Un philosophe canadien de renom, Charles Taylor, a montré dans un livre récent que nous vivions depuis quelques décennies dans un « âge séculier ». Il parle des pays occidentaux, avant tout. Dans ces pays, dans le nôtre, croire en Dieu est, disons, pour ne pas employer toujours le mot « option », une possibilité parmi d’autres. Rien ne nous y oblige, en tout cas pas dans la vie sociale ni dans la sphère culturelle, et rien, ou très peu, dans nos pays, ne nous l’interdit. A première vue, ce n’est pas l’option la mieux portée, pas la plus ordinairement choisie. Le discours commun explique qu’une évolution inéluctable détacherait fatalement et de plus en plus les hommes de ces pays modernes et technicisés de la croyance en Dieu, devenue inutile, voire encombrante ou dangereuse. Charles Taylor montre très bien, avec quelques autres, que la réalité est plus riche et plus subtile. Dans un monde complexe et compliqué, les options spirituelles se sont multipliées pour chacun. Le jeu est largement ouvert. La gamme complète des positions est possible à tous ou presque, en notre temps, quelle que soit son origine sociale ou ethnique ou sa culture d’appartenance. Le croyant peut-il comprendre dans sa foi, par sa foi, ce moment spirituel où nous sommes ?

D’abord précisons le problème et poursuivons notre comparaison. Les hommes ne sont pas devant ces possibilités comme les clients du rayon des costumes d’un grand magasin : chacun à égalité mais avec des besoins ou des goûts divers qui leur feront choisir des produits différents et répartiront harmonieusement les profits entre les multiples maisons de couture. Une expérience très simple fait percevoir que croire en Dieu ou ne pas croire ne sont pas des options parmi d’autres. Celui qui croit a beaucoup de mal à comprendre celui qui ne croit pas, disons même qu’il ne le comprend pas du tout. Et celui qui ne croit pas ne comprend pas davantage, quoi qu’il en pense ou en dise, celui qui croit. La preuve en est que lorsqu’un non-croyant parle de la foi, tâche d’expliquer ce que serait selon lui croire, le croyant ne se retrouve pas dans la présentation donnée. Mais, réciproquement, lorsqu’un croyant évoque la non-foi, il est vraisemblable que les non-croyants s’estiment incompris, peut-être même pas respectés. Croire en Dieu n’est pas seulement ajouter quelques opinions au stock des opinions qu’une culture véhicule. Croire en Dieu ouvre un regard entier sur la réalité. La foi donne de voir des liens qui n’ont rien d’évidents pour qui ne croit pas ; elle fait ouvrir les yeux sur des aspects que le non-croyant ne peut soupçonner. Mais ne pas croire, ne pensons pas que ce soit moins que cela. Ne pas croire ne revient pas à effacer tel ou tel aspect de ce que d’autres possèdent ou le remplacer par telle ou telle opinion. Le regard porté sur le réel est différent.

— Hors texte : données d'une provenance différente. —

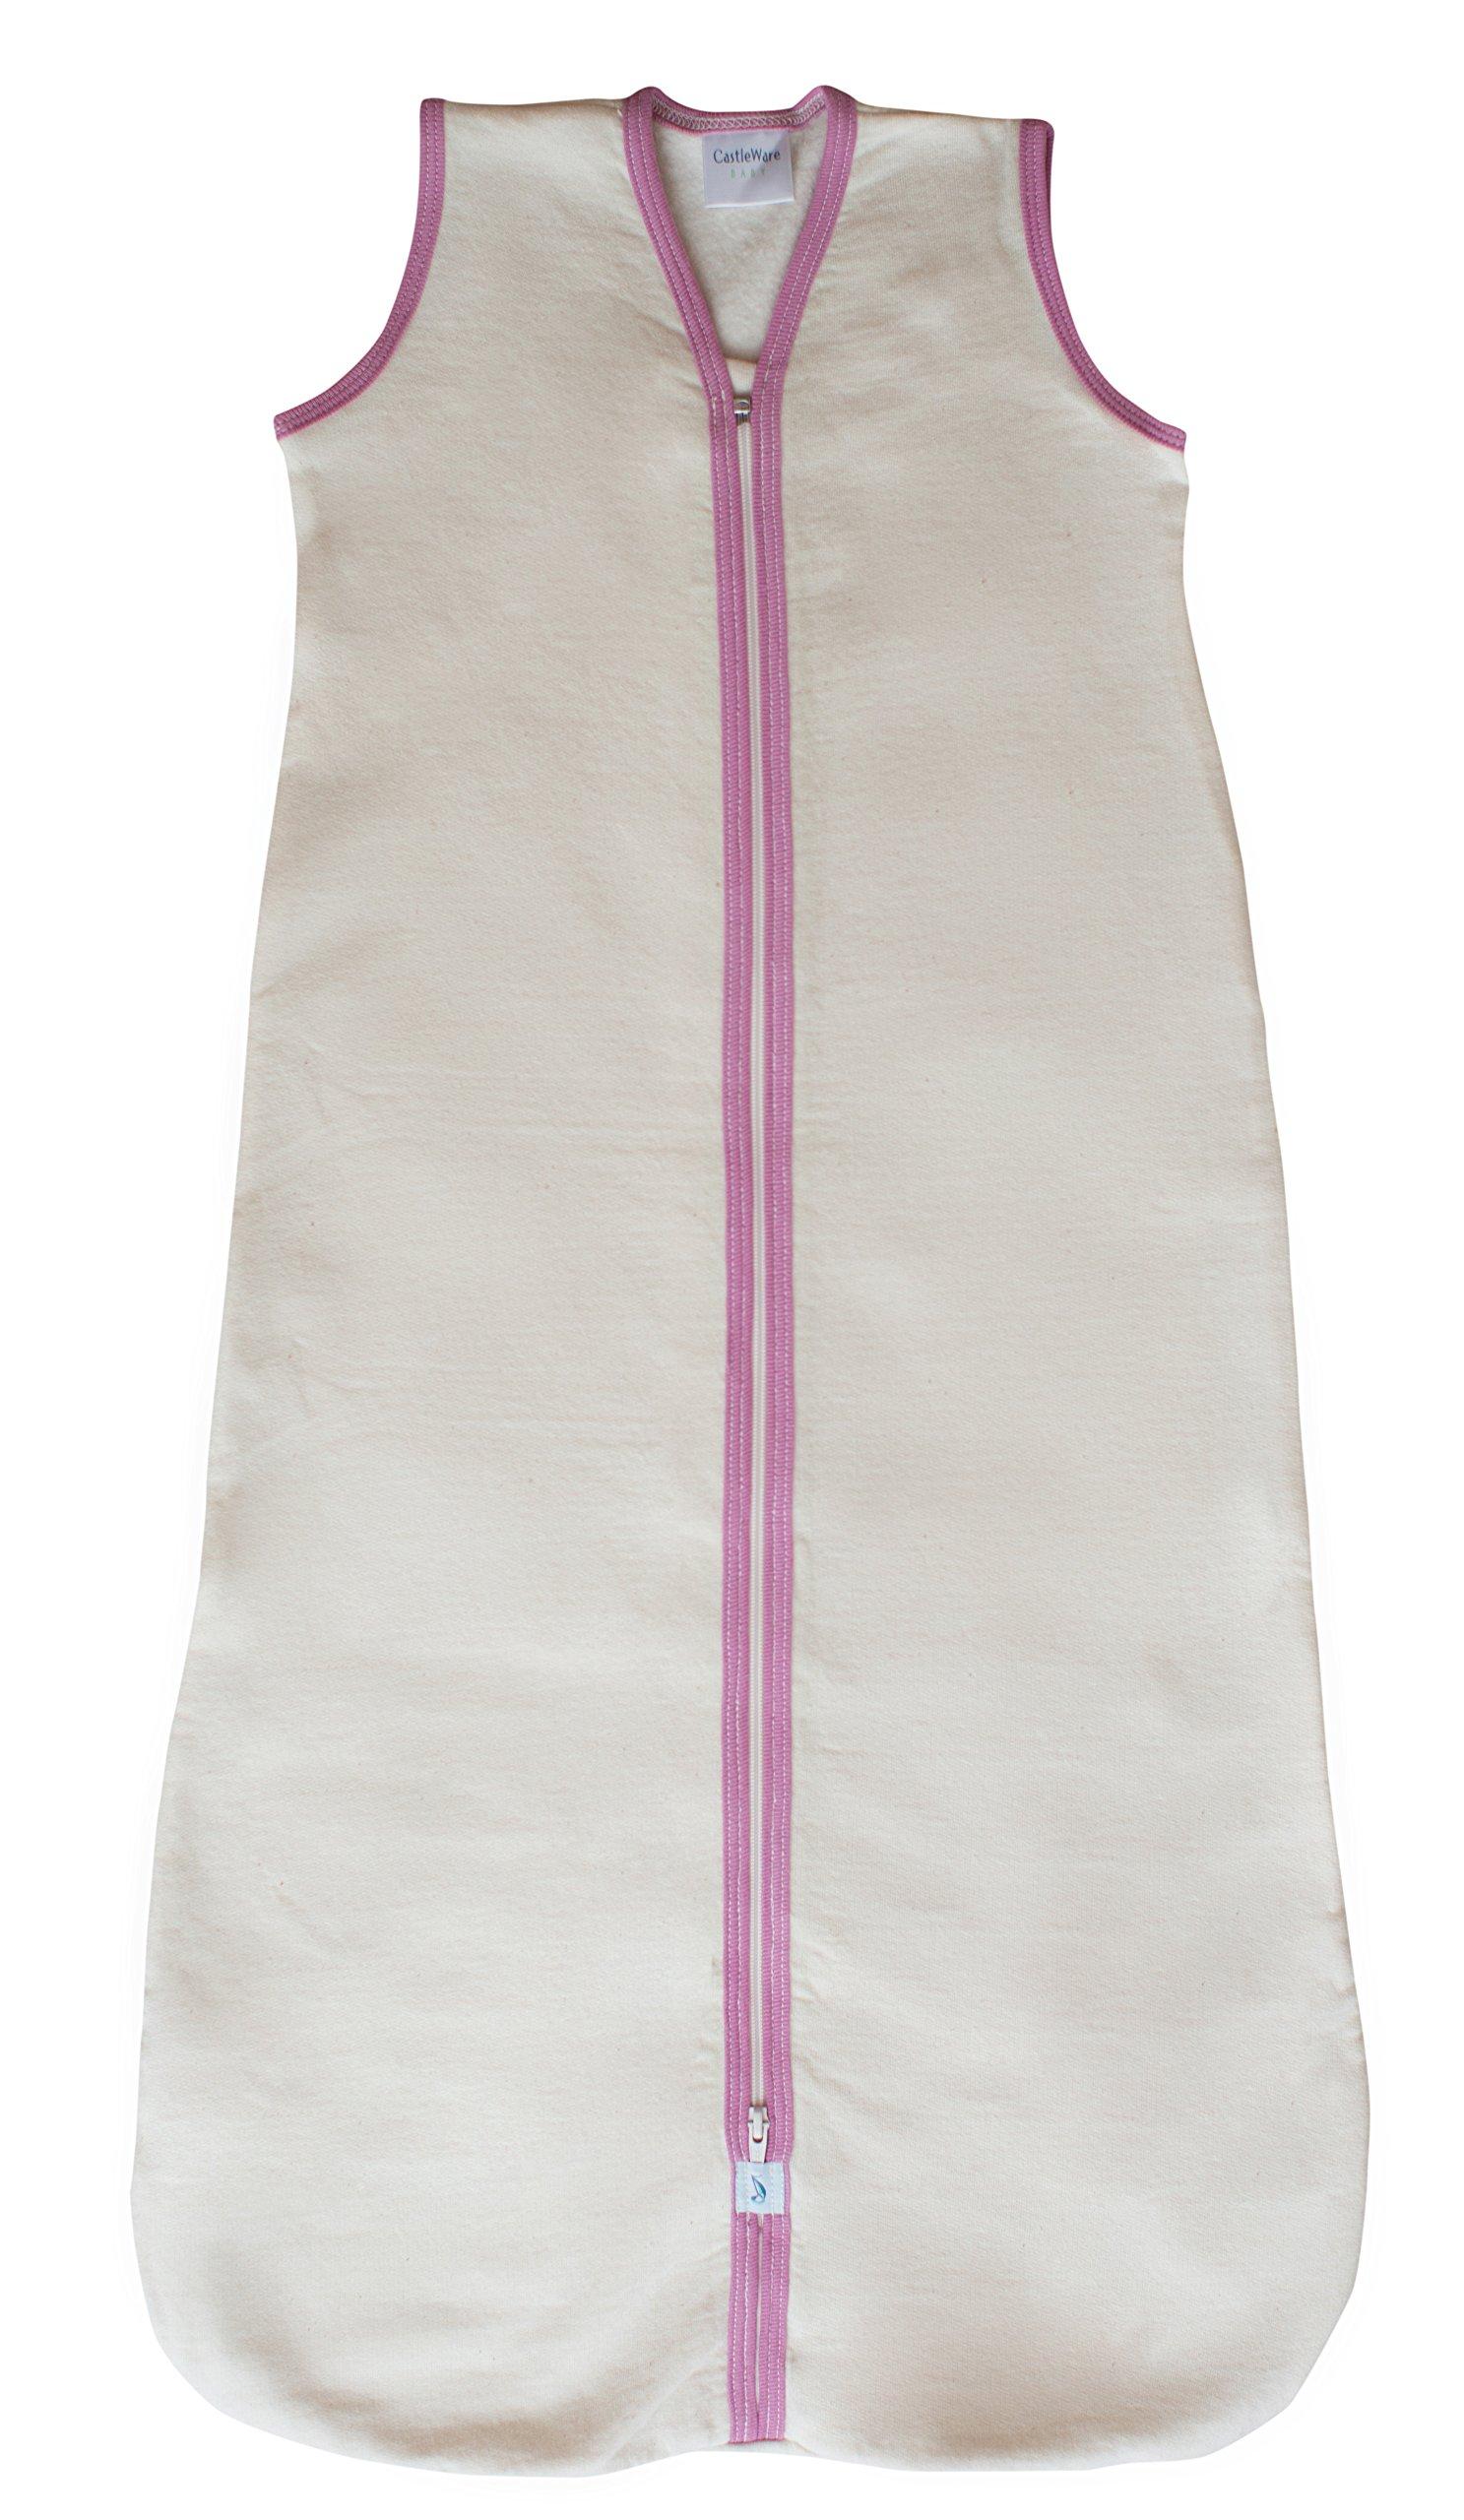 CastleWare Baby Sleeveless Fleece Sleeper Bag (LRG 12-18 Months, Rose Pink) by CastleWare Baby

Il est vrai que notre monde moderne paraît avoir établi un domaine pour lequel le sens commun juge souvent que croire ou ne pas croire en Dieu ne change rien. C’est le domaine de la science. Là règne l’objectivité. Là, croyants et incroyants ne peuvent que s’accorder sur les mesures que les mathématiques ou les statistiques permettent de faire, sur les observations que l’astronomie ou la biologie réalisent et même sur les théories qu’on en tire. Sans doute. Deux et deux font quatre pour tous, et la terre tourne autour du soleil pour tous. Mais qu’est-ce que cela fait ? Même si le regard scientifique s’étend de l’infiniment grand à l’infiniment petit, même s’il remonte au plus près de l’origine du cosmos et s’il perce les équations de ce qui viendra, que résout-il de la vie et de la mort et de l’amour et de moi tout simplement ? Le domaine scientifique peut tout embrasser, il n’est pourtant qu’un canton découpé dans le réel, une tranche du réel coupée du reste, posée dans la lumière du regard objectif et passée au scalpel de l’ingéniosité et de la curiosité de l’esprit humain. Le regard scientifique ne connaît pas plus le réel que le médecin ne connaît le patient qu’il examine : il sait de lui bien des choses, mais quel accès a-t-il à qui est celui-ci ? Pour d’immenses tranches de la réalité croyants et incroyants se retrouvent dans les mêmes descriptions, les mêmes diagnostics, les mêmes solutions. A vrai dire, ils n’ont guère besoin de savoir s’il est parmi eux des croyants et des incroyants. La réponse à une telle question ne changera rien au problème ni non plus à sa solution. Mais ce sont là des tranches du réel, et moi, - je veux dire, tout homme lorsqu’il vit en première personne, là où il vit en première personne -, mais moi, je ne vis pas le réel comme une accumulation de tranches ou de couches bien distinctes les unes des autres, mais comme un tout global, dans lequel et face auquel je dois me situer. La force de l’homme moderne, lentement construite au long des siècles, est sa capacité à appréhender le réel selon différents regards, chacun laissant les autres jeter leur lumière à leur façon ; mais il faut bien que cet homme moderne soit, de temps à autre, quelqu’un.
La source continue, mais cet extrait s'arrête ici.